For example, if one ingests a 10% random sample and a tweet is retweeted 10 times, the probability of ingesting that tweet is (1 - (.90^10)) = ~ 65% chance of getting that tweet.


Generalized where X is the sample rate percentage and N is the number of times something was retweeted:


(1 - (1.00 - X^N))


Example:
X = .25  (25% Random sample stream)
N = 5 (Retweeted at least 5 times)
(1 - (1.00 - .25) ^ 5) = 76.26% chance of ingesting the original tweet


Working backwards -- To have a 95% probability of ingesting something from a 25% stream, you would need it to occur at least log(0.05)/log(1 - 0.25) = 10.4 times.


(Author note: A big thank you to Xanda Schofield Twitter:@XandaSchofield for help with the math.)


Use Cases:


Temporal Analysis of Significant Events
A significant event happens and a researcher wishes to find the first tweet mentioning an earthquake, terrorist attack, etc. -- Using this method, one could use the Twitter search API but the public search endpoint only has ~10 day history. The method outlined in this paper would allow researchers to check historical events to find the first tweets that mention something. (Could be awesome for Earthquakes and getting a 5 minute window of tweets to get every tweet that mentions feeling the ground shake, etc.)

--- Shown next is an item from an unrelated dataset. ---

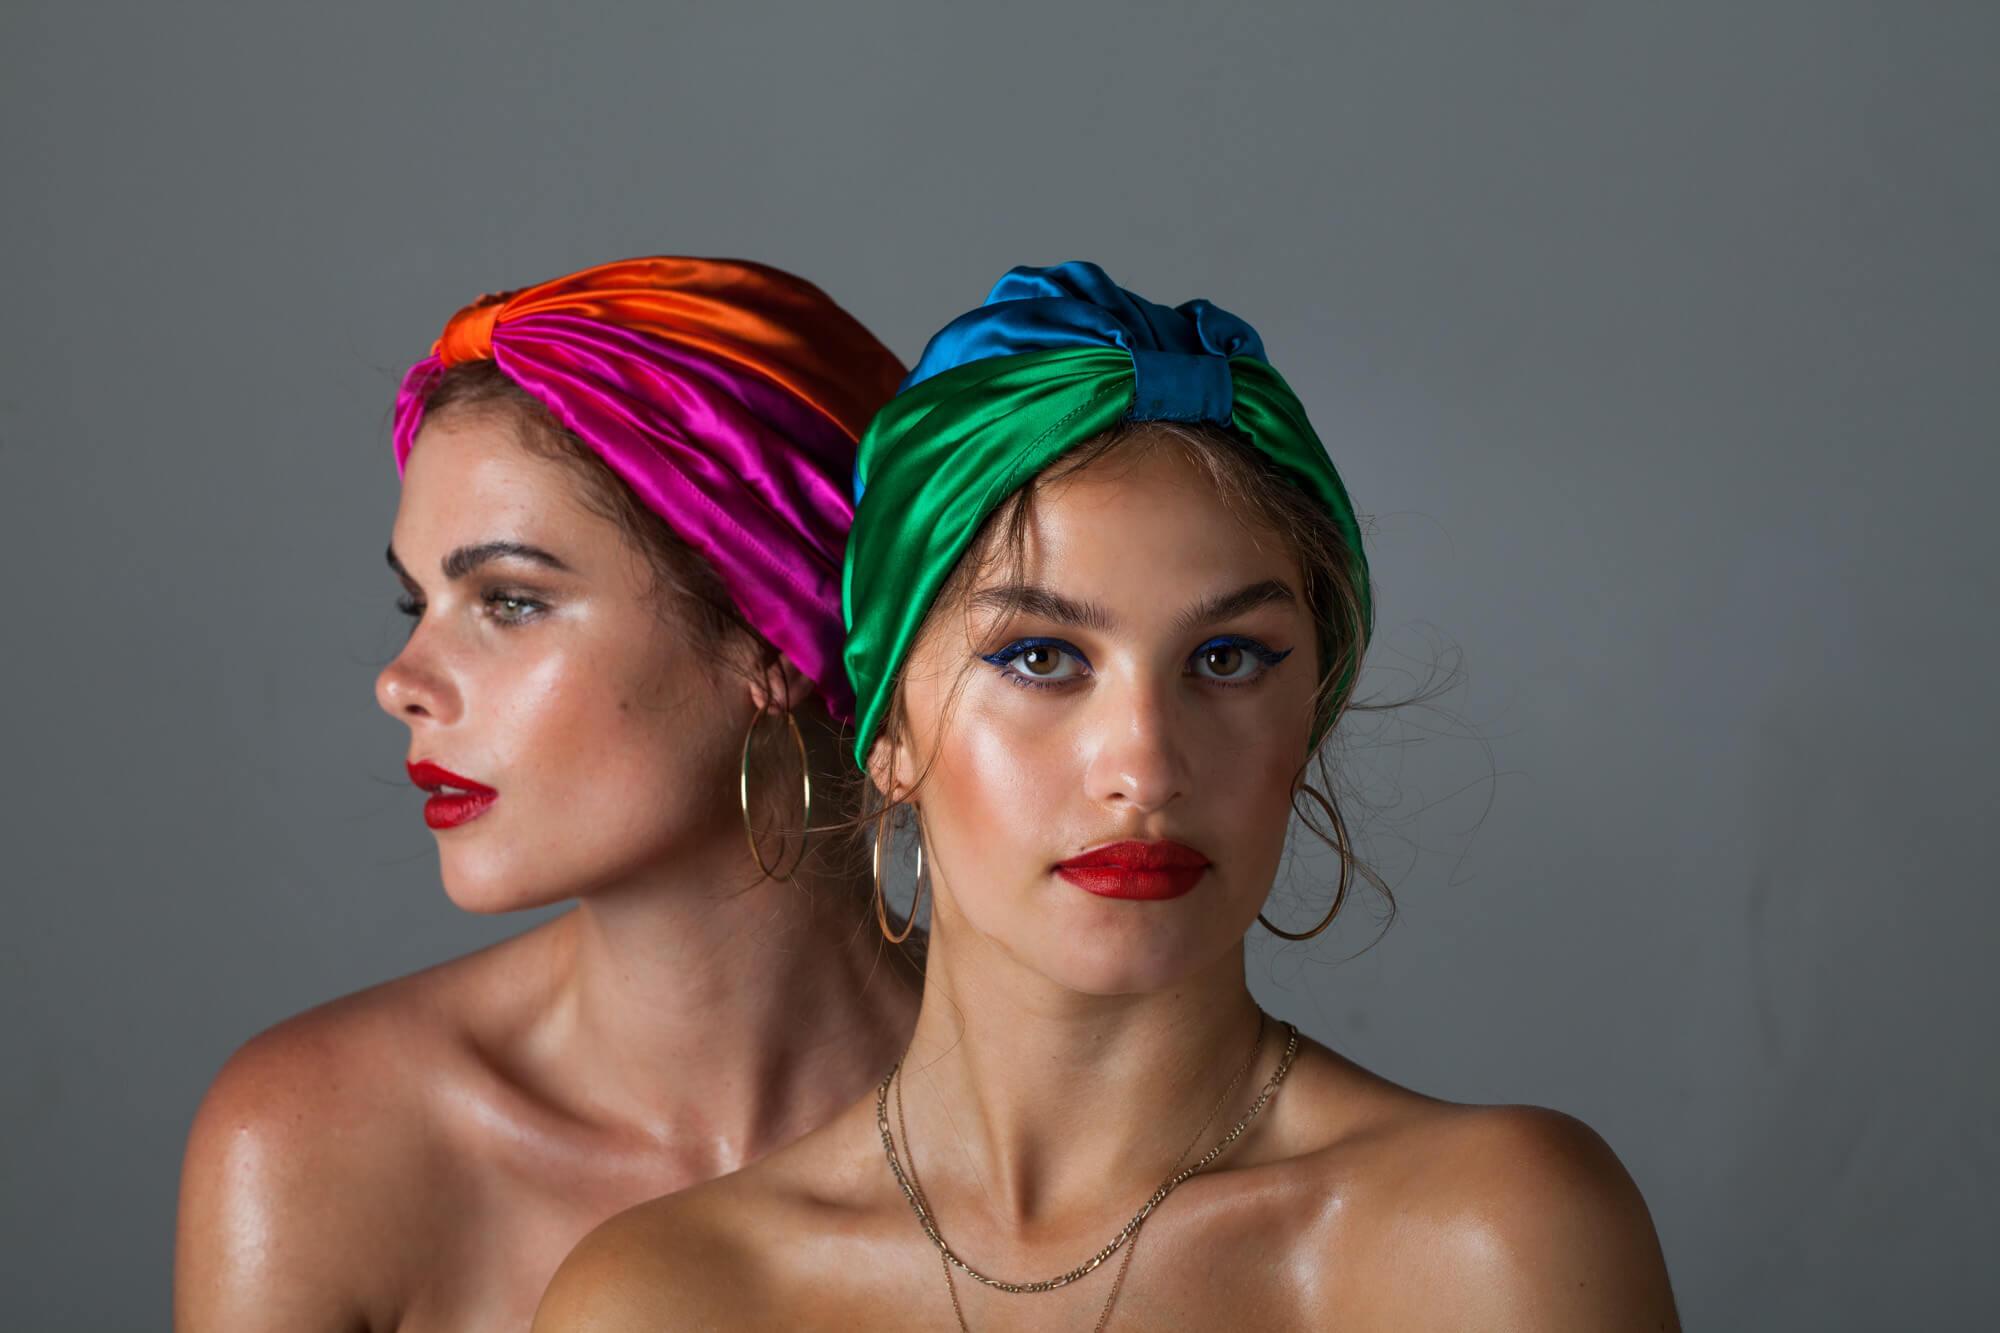 Models, Dorset- Beauty photographer

Complete sample to better understand SPAM / BOT Retweet activity
President Trump makes a tweet -- how was his tweet retweeted during the first few minutes afterwards? This method would help to detect bot-like activity on Twitter by scanning time blocks right after a specific account makes a tweet to see if the same accounts are active each time.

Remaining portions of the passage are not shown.